Esa esperanza la plasmó en un tuit Pablo González: tropas regulares rusas entran en un territorio que Ucrania de facto no controlaba desde hacía años y se acaban los bombardeos. En cumplimiento del refrán propagandístico que reza que “Rusia no inicia las guerras, las acaba”.
â Pablo González (@PabVis) February 21, 2022
Pero Putin y sus subordinados tenían otros planes, que básicamente consistían en iniciar una guerra a gran escala. Hoy sabemos que el vídeo que emitieron a las 5 de la madrugada del 24 de febrero, mientras los tanques rusos se adentraban más allá del Donbás y los misiles de crucero atacaban infraestructuras por toda Ucrania, se había grabado junto con el que se difundió el 21, reconociendo la soberanía del Donbás. Todo del tirón, para adelantar el trabajo e ir publicando los fragmentos por separado.

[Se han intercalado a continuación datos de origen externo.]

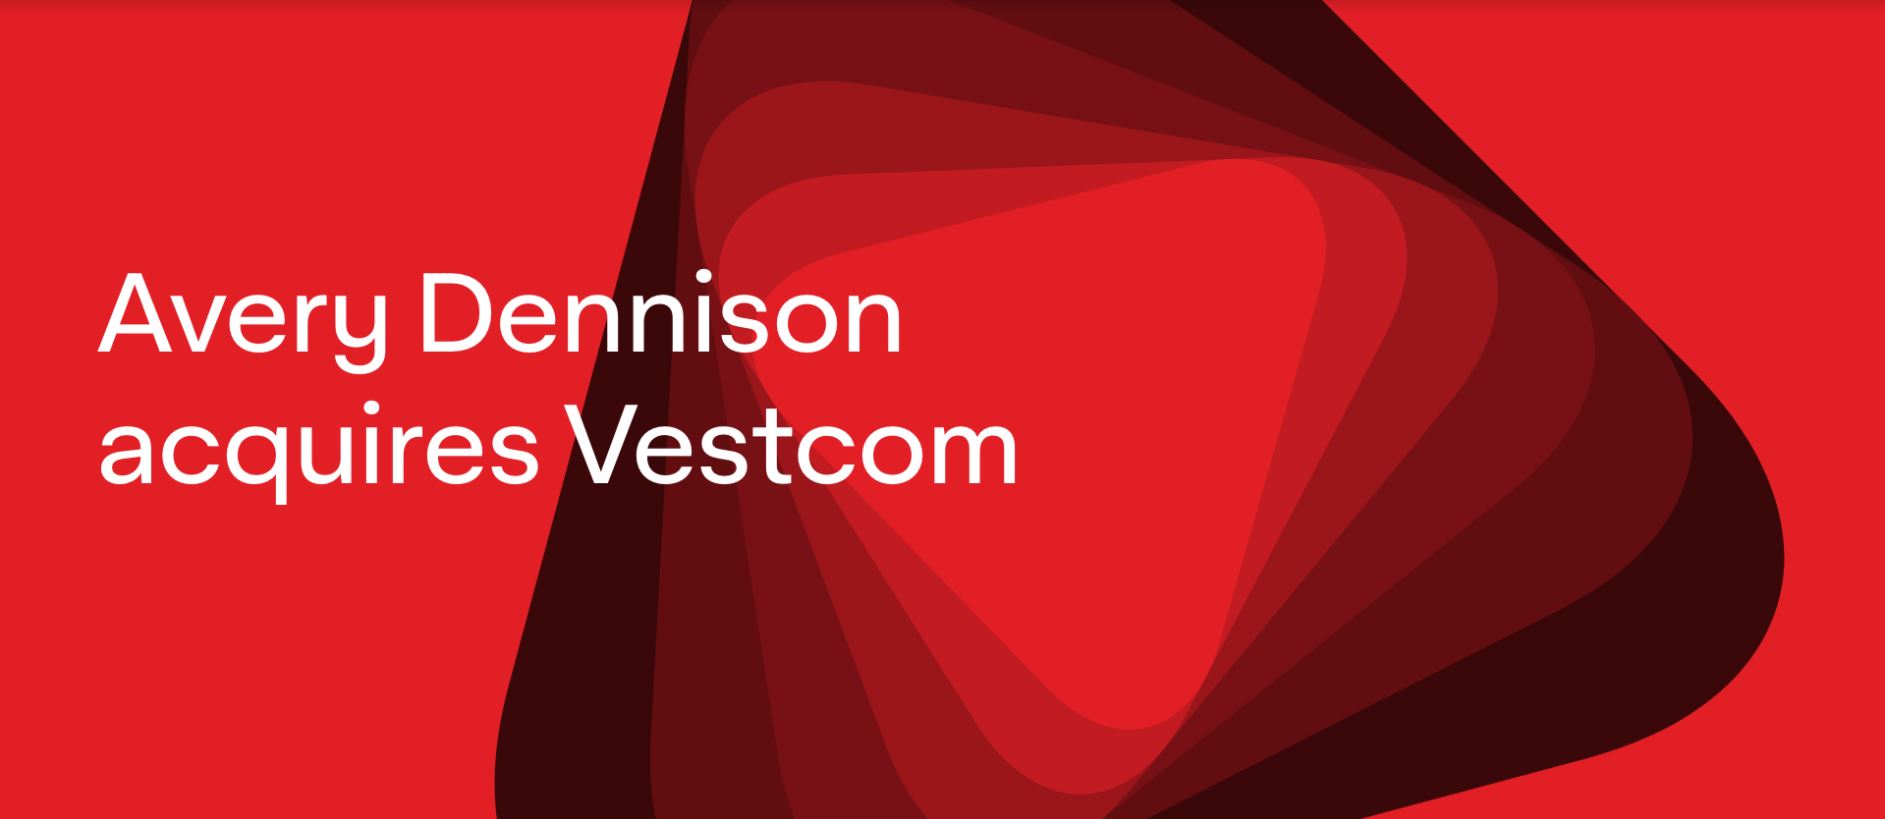 Avery Dennison to acquire Vestcom
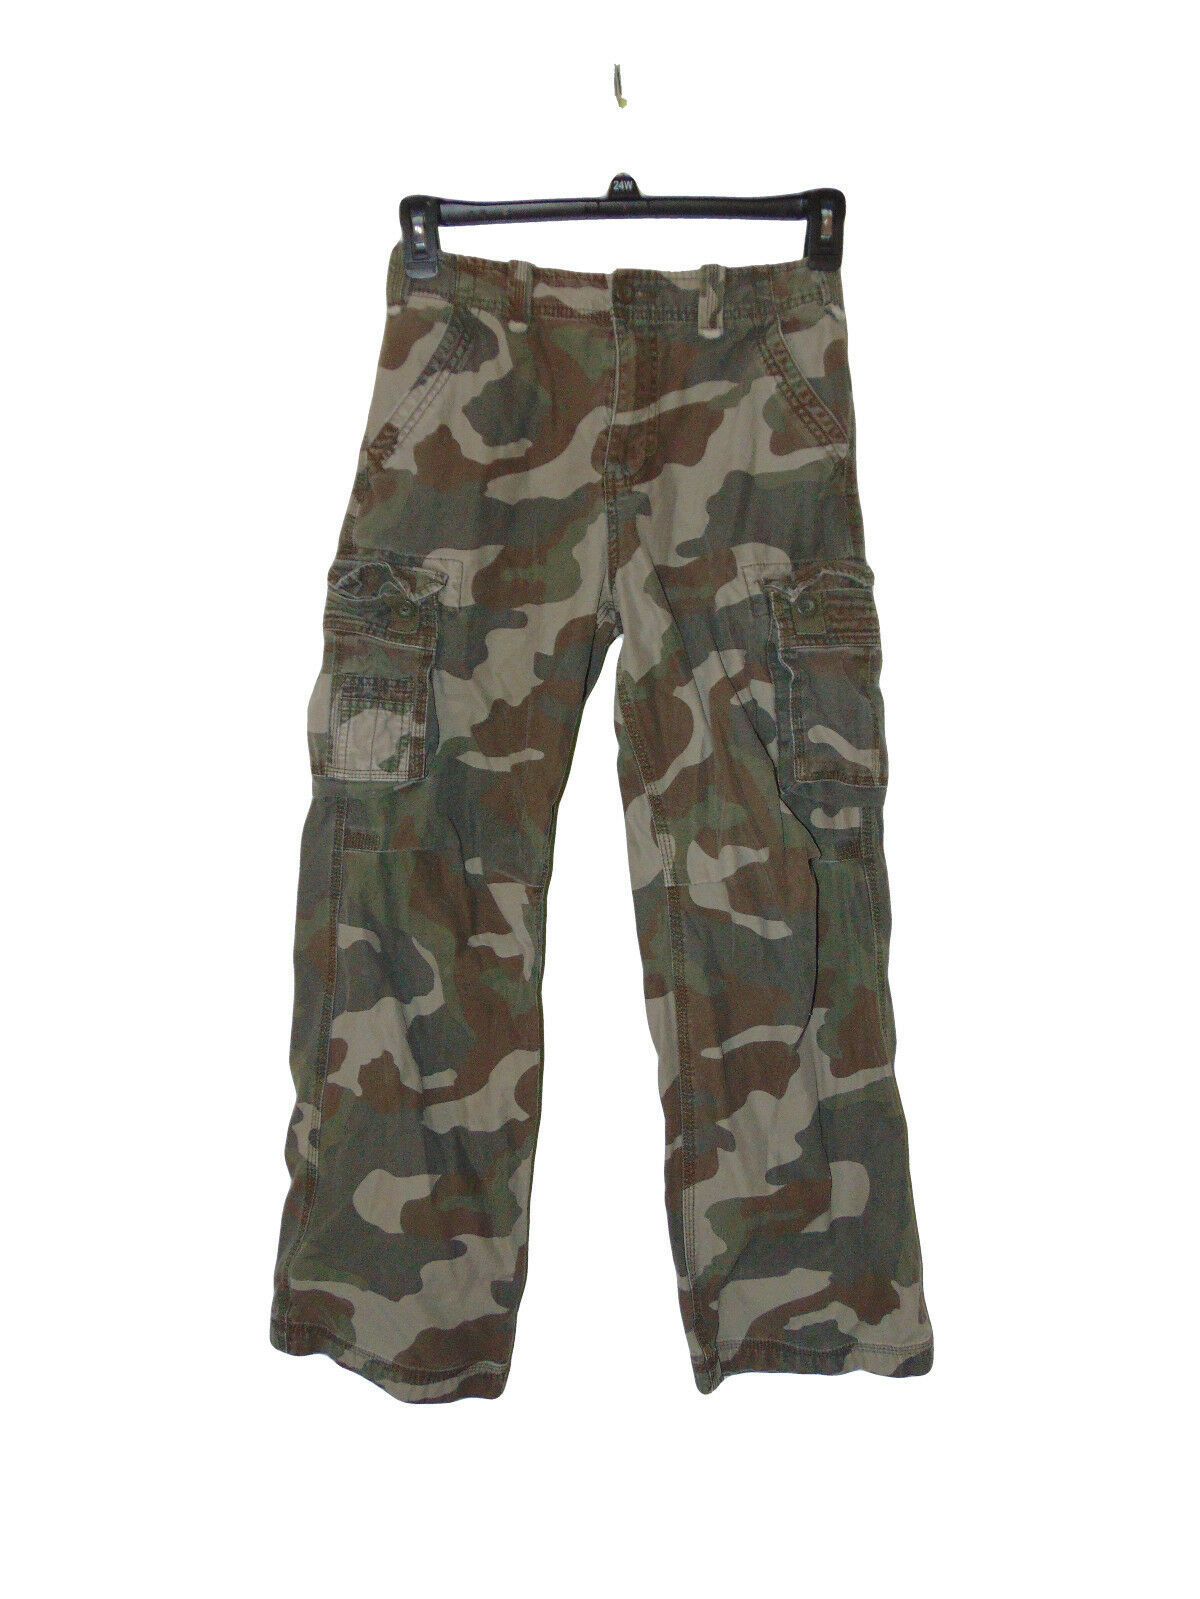 Arizona Camo Cargo Pants Size 14 Reg Preowned - Pants

Se cumple un año de todo esto que creíamos que no iba a suceder. Un año de guerra, que se inició para supuestamente proteger a un grupo de civiles maltratados durante los ocho años anteriores, y que en esa “defensa” borró ciudades enteras de la faz de la tierra, dejó sin hogar a millones de personas, y sin vida a centenares de miles, tanto en el territorio que entraron a “proteger”, como a unos cuantos kilómetros más allá. Un conflicto que generó suntuosas ganancias a los que dicen velar por la paz, pero no hacen otra cosa que avivar la guerra. Doce meses en los que descubrimos a auténticos caníbales en nuestro entorno más cercano, de los dos lados de la trinchera: unos, que en honor a la multipolaridad y a un supuesto antiimperialismo (solo de un lado), están dispuestos a echar en esa cuneta a cuantos cadáveres sean necesarios, al parecer en la creencia de que su amontonamiento debilita al imperio; y otros, que en honor a sus valores de paz y humanismo y para proteger los “ideales democráticos de nuestra sociedad” se dedican a mandar armas por valor de miles de millones de dólares para que los ucranianos y los rusos se sigan masacrando mutuamente.
Un año que también partió las vidas de muchas de nosotras, aunque no seamos víctimas del conflicto. En esas dos últimas semanas de mi vida anterior, la única certeza que tenía es que la guerra supondría, además de una tragedia para Ucrania, una tragedia para Rusia, el país agresor. Llevo doce meses siendo testigo de esa tragedia: mientras contemplo imágenes de ciudades arrasadas y me topo de cuando en cuando con refugiados ucranianos en la ciudad en la que vivo, veo cómo la deriva que toma Rusia adentra al país en una espiral de conservadurismo, ultranacionalismo y falta de libertades inédita hasta ahora (por más que estos problemas existieran también antes) y sin remedio. Tampoco puedo dejar de pensar qué habrá sido de todos esos ucranianos que hace solo un año apostaban por un acercamiento a Rusia y una normalización de las relaciones con el país vecino y, al igual que nosotros, se reían de la mera posibilidad de una invasión. ¿Dónde estarán ahora? ¿Seguirán vivos? ¿Serán refugiados? De lo que no me cabe duda es de que, en el caso de seguir en este mundo, su opinión al respecto habrá cambiado radicalmente y para siempre. Igual que la opinión de las generaciones que les seguirán. El odio instalado ya de forma profunda en las dos sociedades tardará décadas en sanar, si es que llega a hacerlo algún día.